◆ DATASET EXCERPT:
*** Block opens ***
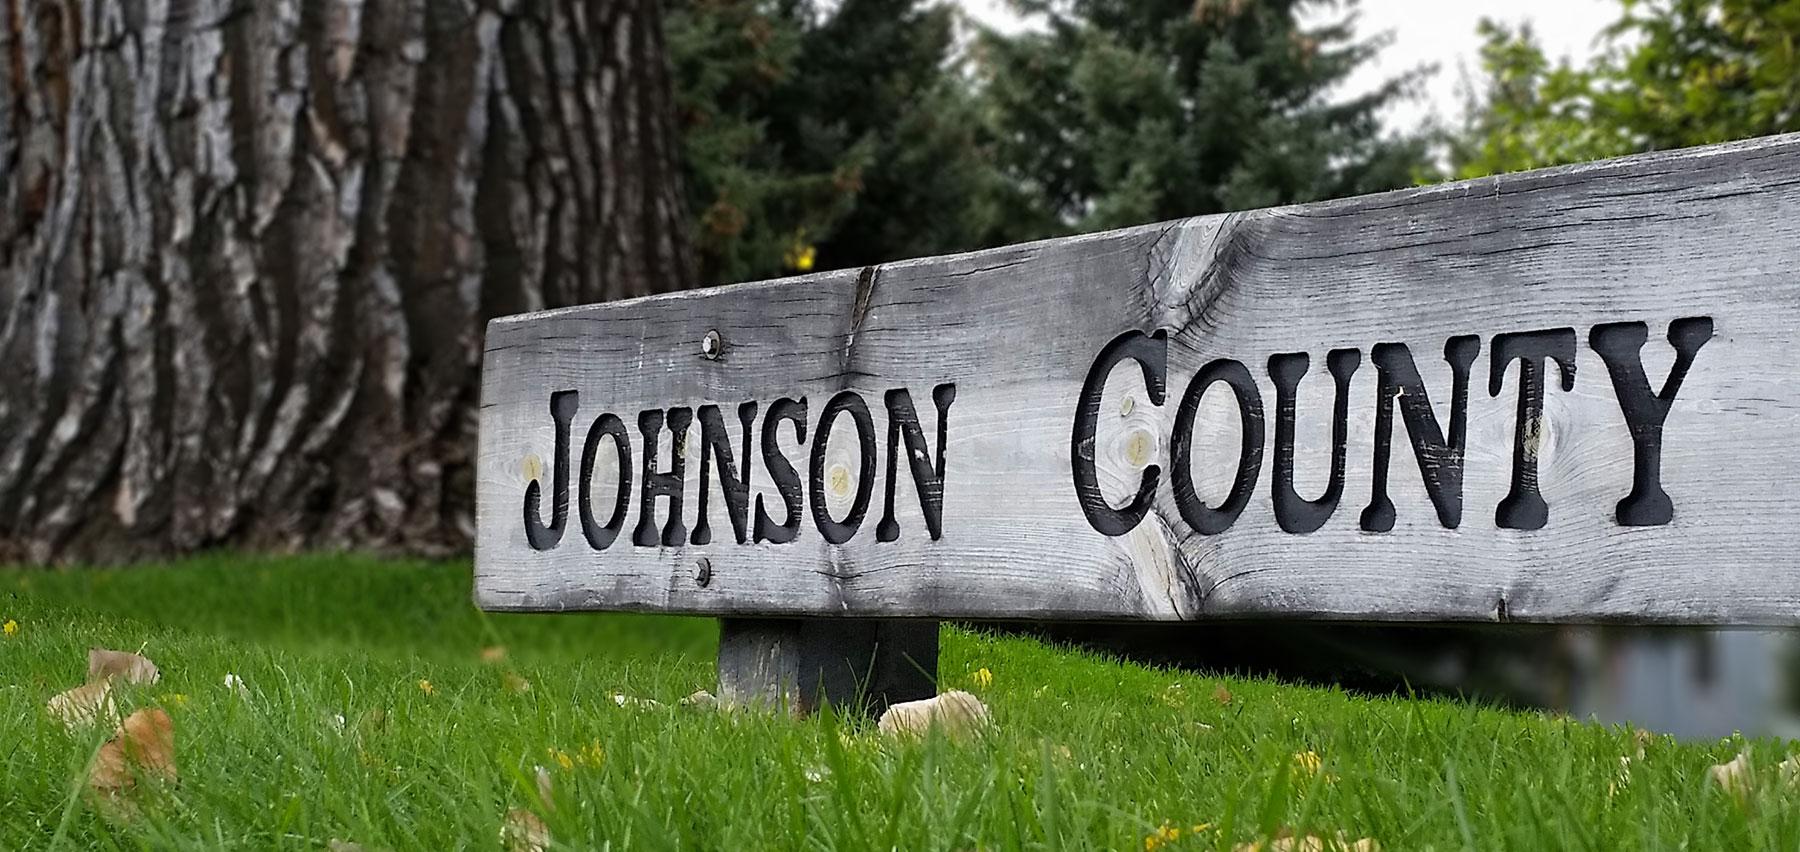 Johnson County, Wy | Johnson County, Wy
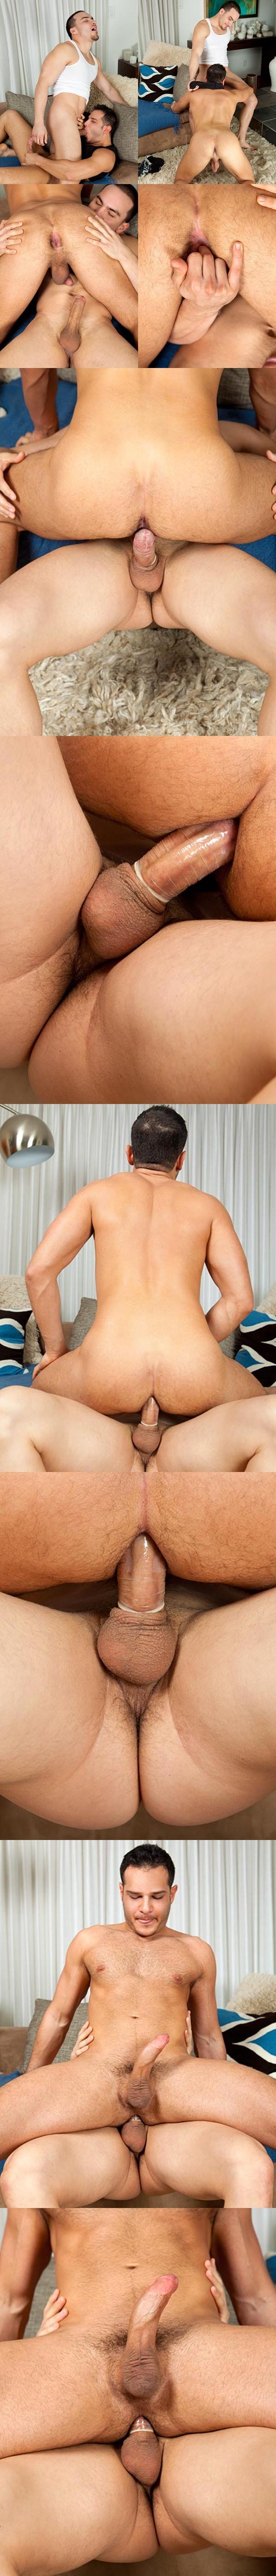 Hung Marcel Cruz fucks hot arab stud Adi Hadad in his virgin ass at Randyblue 01
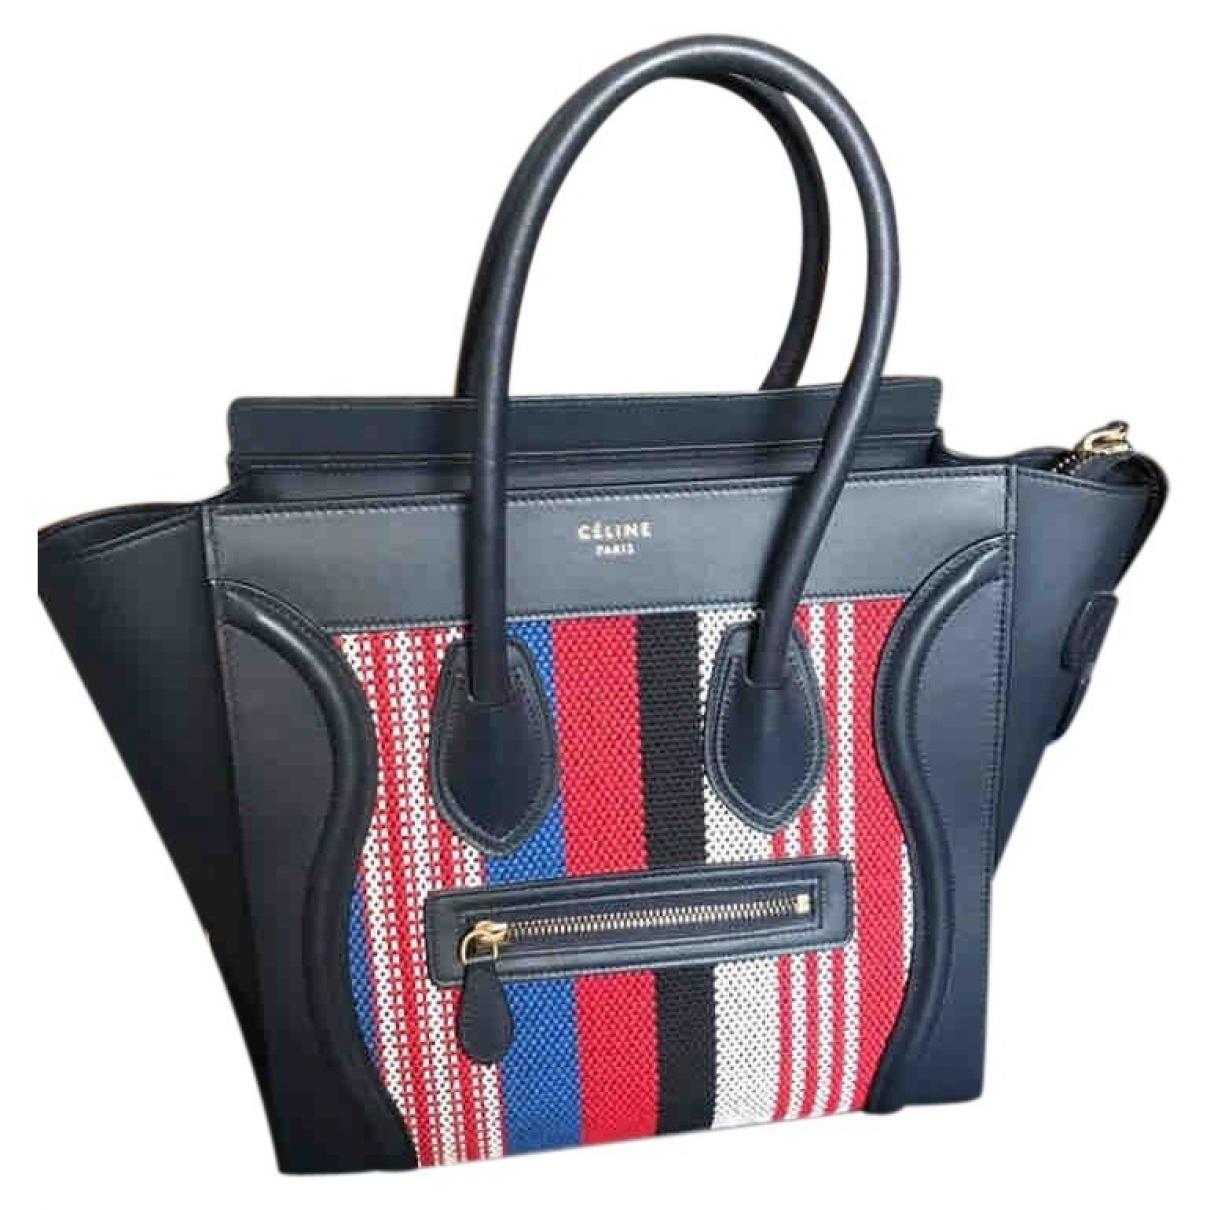 Celine - Sac a main Luggage pour femme en cuir - marine
*** Block closes ***
Each line above is to be repeated exactly as written; no picture is carried over.

◆ SOLUTION TO THIS EXERCISE:
 Johnson County, Wy | Johnson County, Wy
 Hung Marcel Cruz fucks hot arab stud Adi Hadad in his virgin ass at Randyblue 01
 Celine - Sac a main Luggage pour femme en cuir - marine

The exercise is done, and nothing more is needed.